But a terrible curiosity has opened inside you, one of those trapdoors the mind steps onto even while screaming not to. It is curiosity, not forgiveness, that makes you say, “Then tell me everything.”
He draws in a long breath.
“Three years ago,” he begins, “before the surgery, before the school, before you knew my name… I heard about a fire.”
Your stomach drops.
You had spent years making the explosion into a short story because short stories are easier to survive. There had been a defective gas line in the bakery kitchen where you worked weekends while studying nursing. There had been the smell, then the spark, then the wall of heat. There had been pain so total it erased language. When people asked later, you gave them the clean version. A gas leak. An accident. I was unlucky. God spared me.

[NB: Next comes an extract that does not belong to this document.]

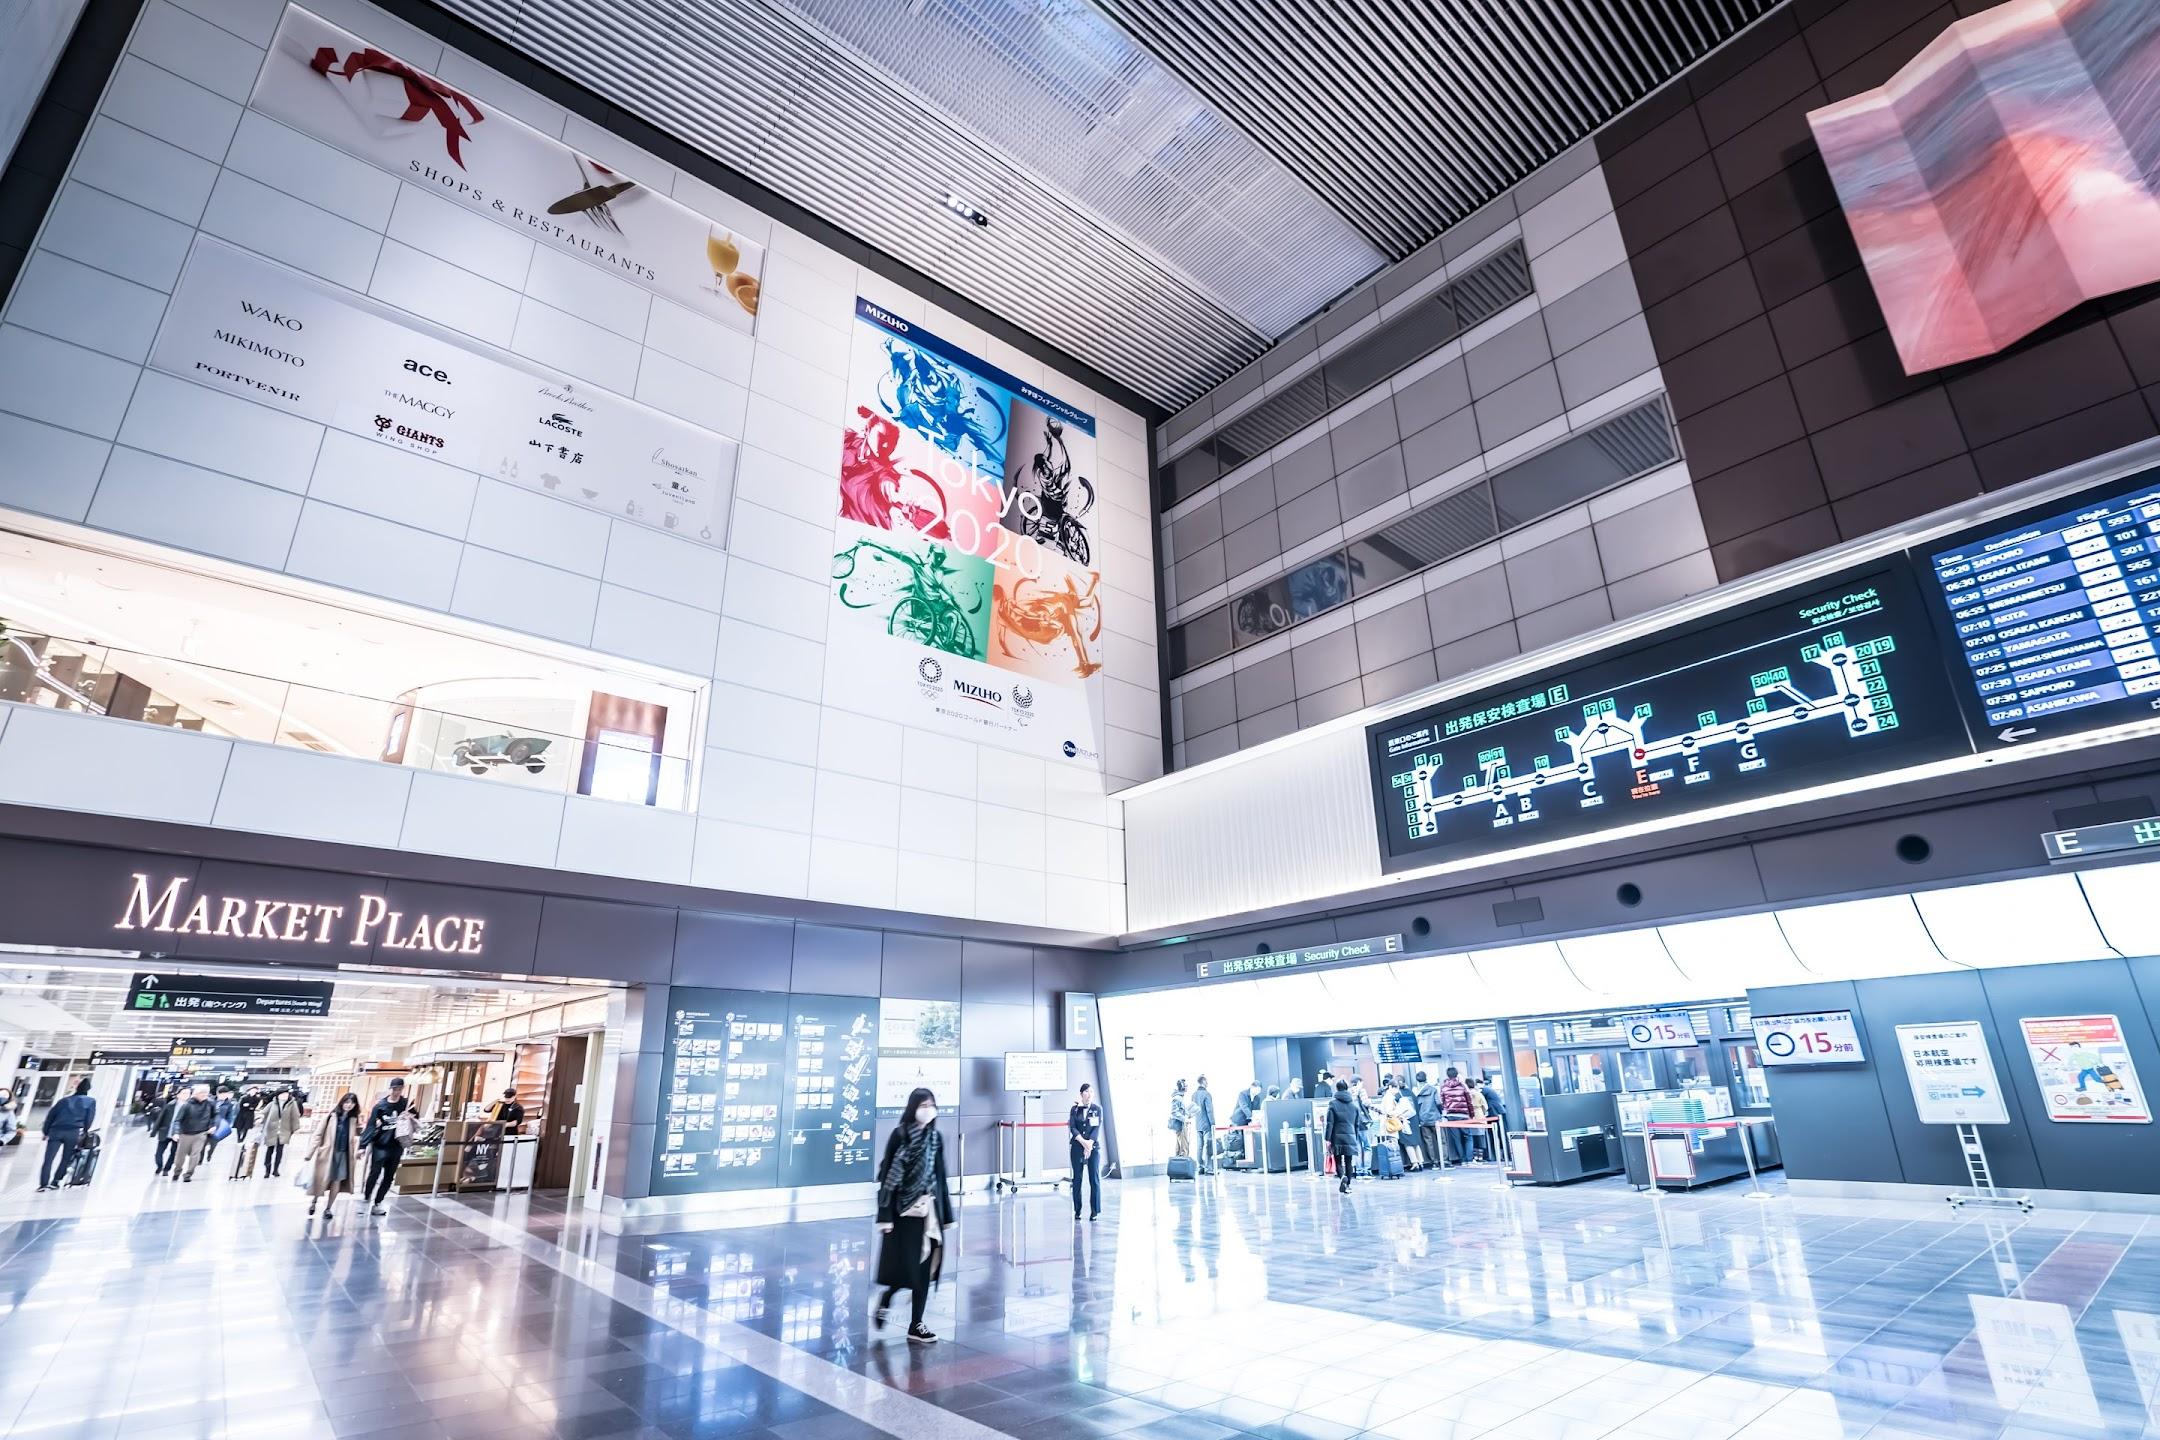 羽田空港第1旅客ターミナル

But he is not telling the clean version. You hear it in his voice.
“My cousin Chika worked at the newspaper,” he says. “She was doing a piece on hospital negligence and kitchen safety violations in low-income districts. She came to visit me one evening with notes she wanted read aloud because her eyes were exhausted. I was still blind then, but I listened while she talked. She mentioned a young woman burned in an explosion at San Judas Bakery. She said the owner had paid the inspector to ignore repeated complaints.”
You swallow hard.
He keeps going, almost as if he knows that if he stops, you’ll bolt.
“She was angry because the story was getting buried. The bakery owner had relatives on the city council. There were photos in the file. She described one of them to me. A hospital hallway. A young woman sitting alone. Gauze around her neck. Her mother asleep beside her in a plastic chair. And in the woman’s lap was a workbook. She said even then, with her hands bandaged, that woman was trying to study.”
Your throat closes.
It had been your anatomy workbook.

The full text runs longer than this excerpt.